Editor’s Notes: In this installment of the back-to-basics electronic components series, in partnership with EDN, Electronic Products covers current sensors. Don’t miss our discussion with Michael DiGangi, executive vice president of Aceinna.

A lot of the current buzz in electronic systems development is about “smart” products, and the ability to oversee the performance and functionality of these solutions. Between competition and consumer expectations, a product on the market today must perform its functions almost perfectly, or as close as can be achieved through modern technology and processes. Short battery life, poor RF connections, bad thermal management, and other non-critical aspects of performance are also make-or-break parameters when operating in the real world.

The explosion in the growth of the electronics marketplace at every level is challenging the industry at every level. From new semiconductor materials to advanced solutions like artificial intelligence, new technologies and approaches are creating new application spaces while rejuvenating old ones. All of this is being driven by the migration to integrate data technology into every aspect of electronics.

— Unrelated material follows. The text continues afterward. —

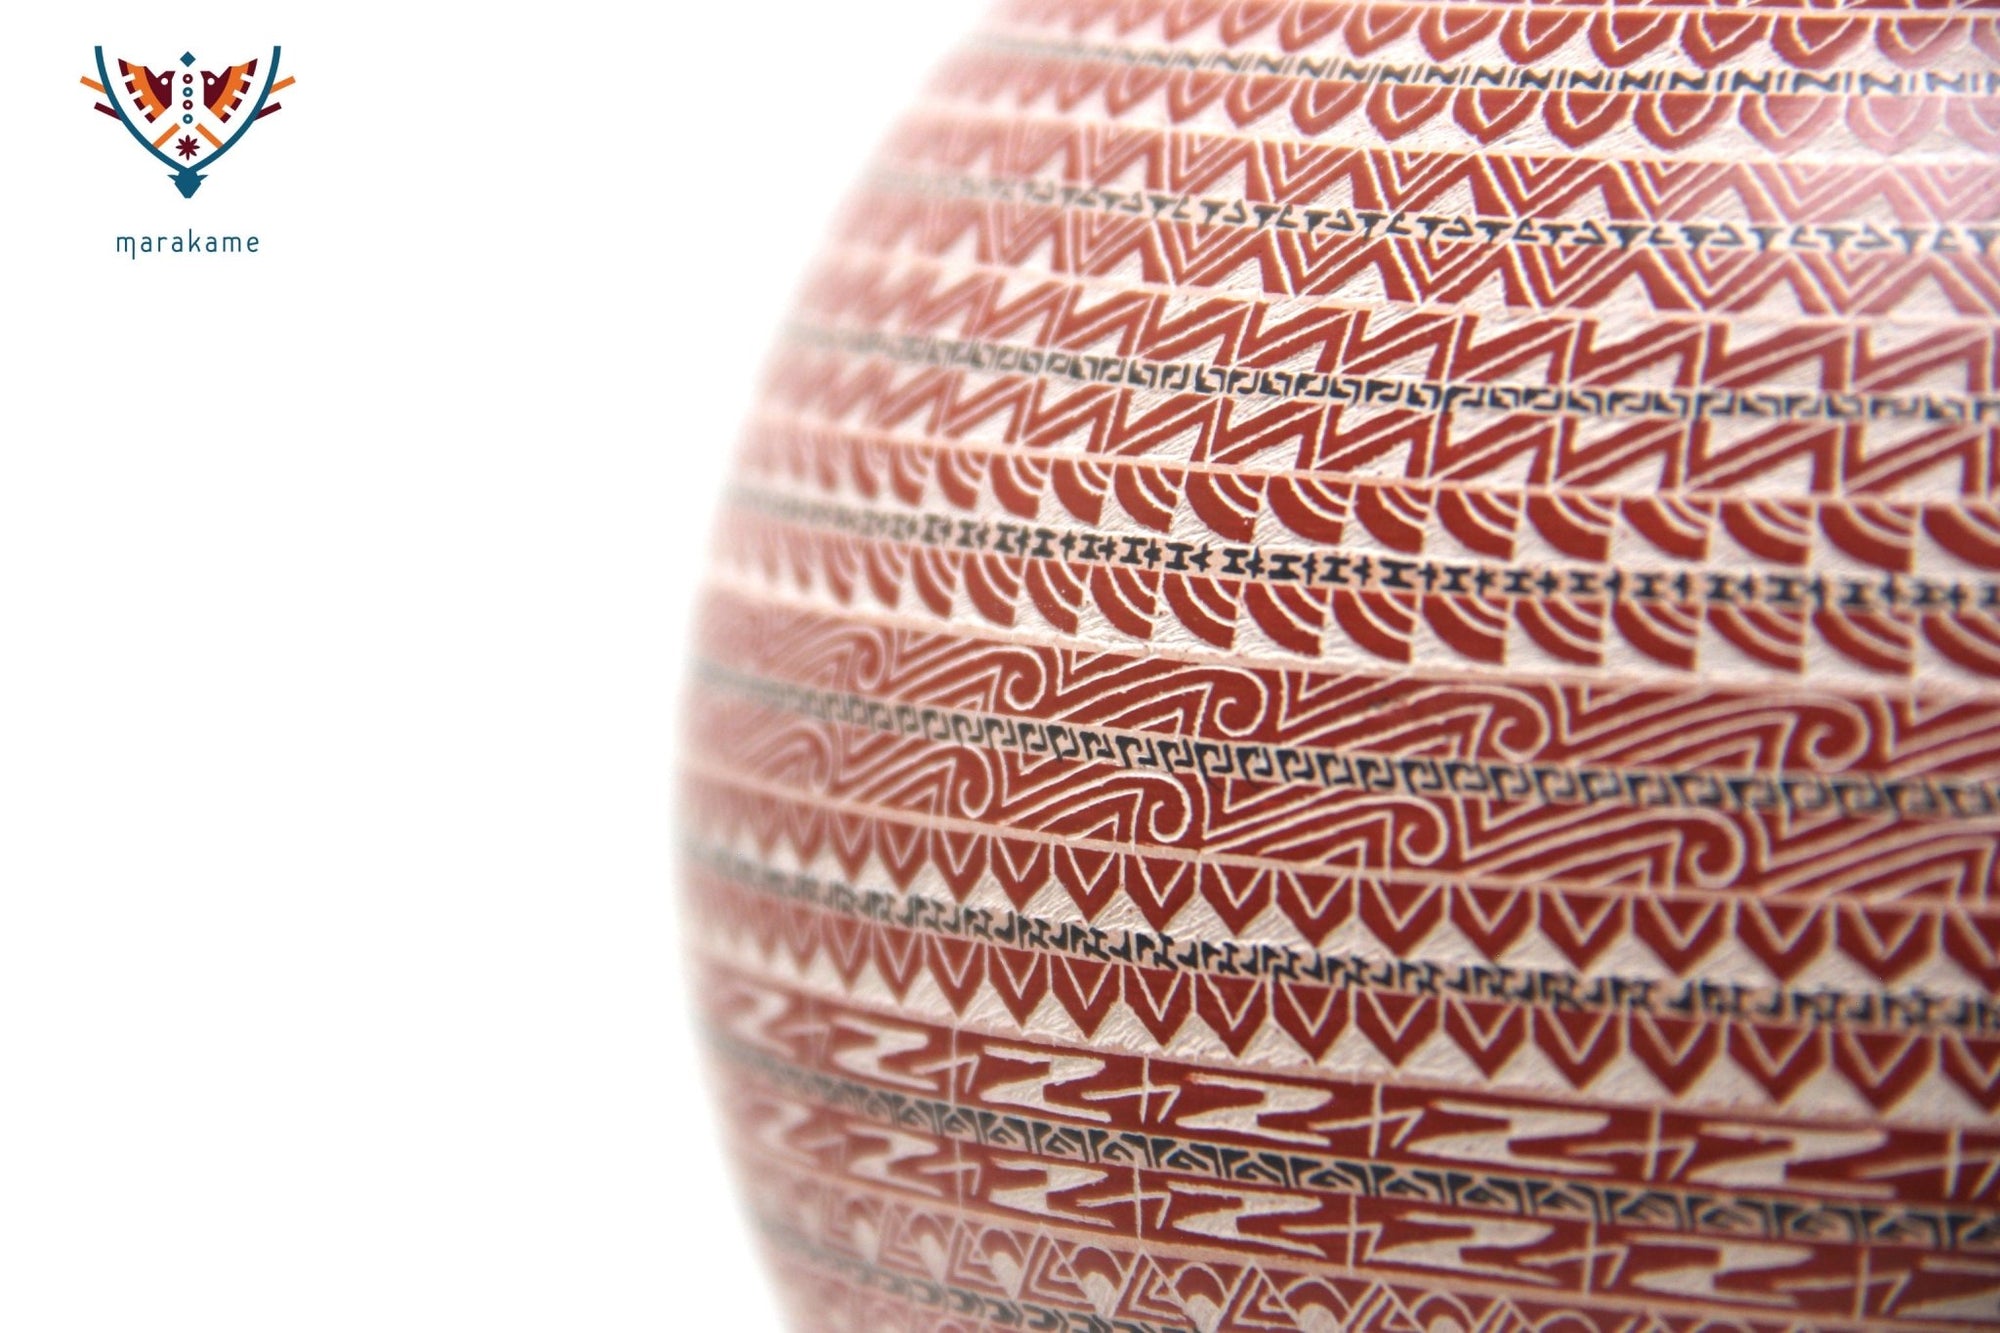 Mata Ortiz Ceramics - First Place in Sgraffito - Apacheta - Huichol Art - Marakame

All of this is creating a disruptive period of demanding growth, which places additional pressure on system designers to ensure the product created is safe, efficient, reliable, and cost-effective (especially that last one). That means design engineers must select the best solutions for every aspect of the systems they are designing, especially the elements involved in monitoring circuit performance. Advanced current-sensing solutions can address these needs in a comprehensive and cost-effective way.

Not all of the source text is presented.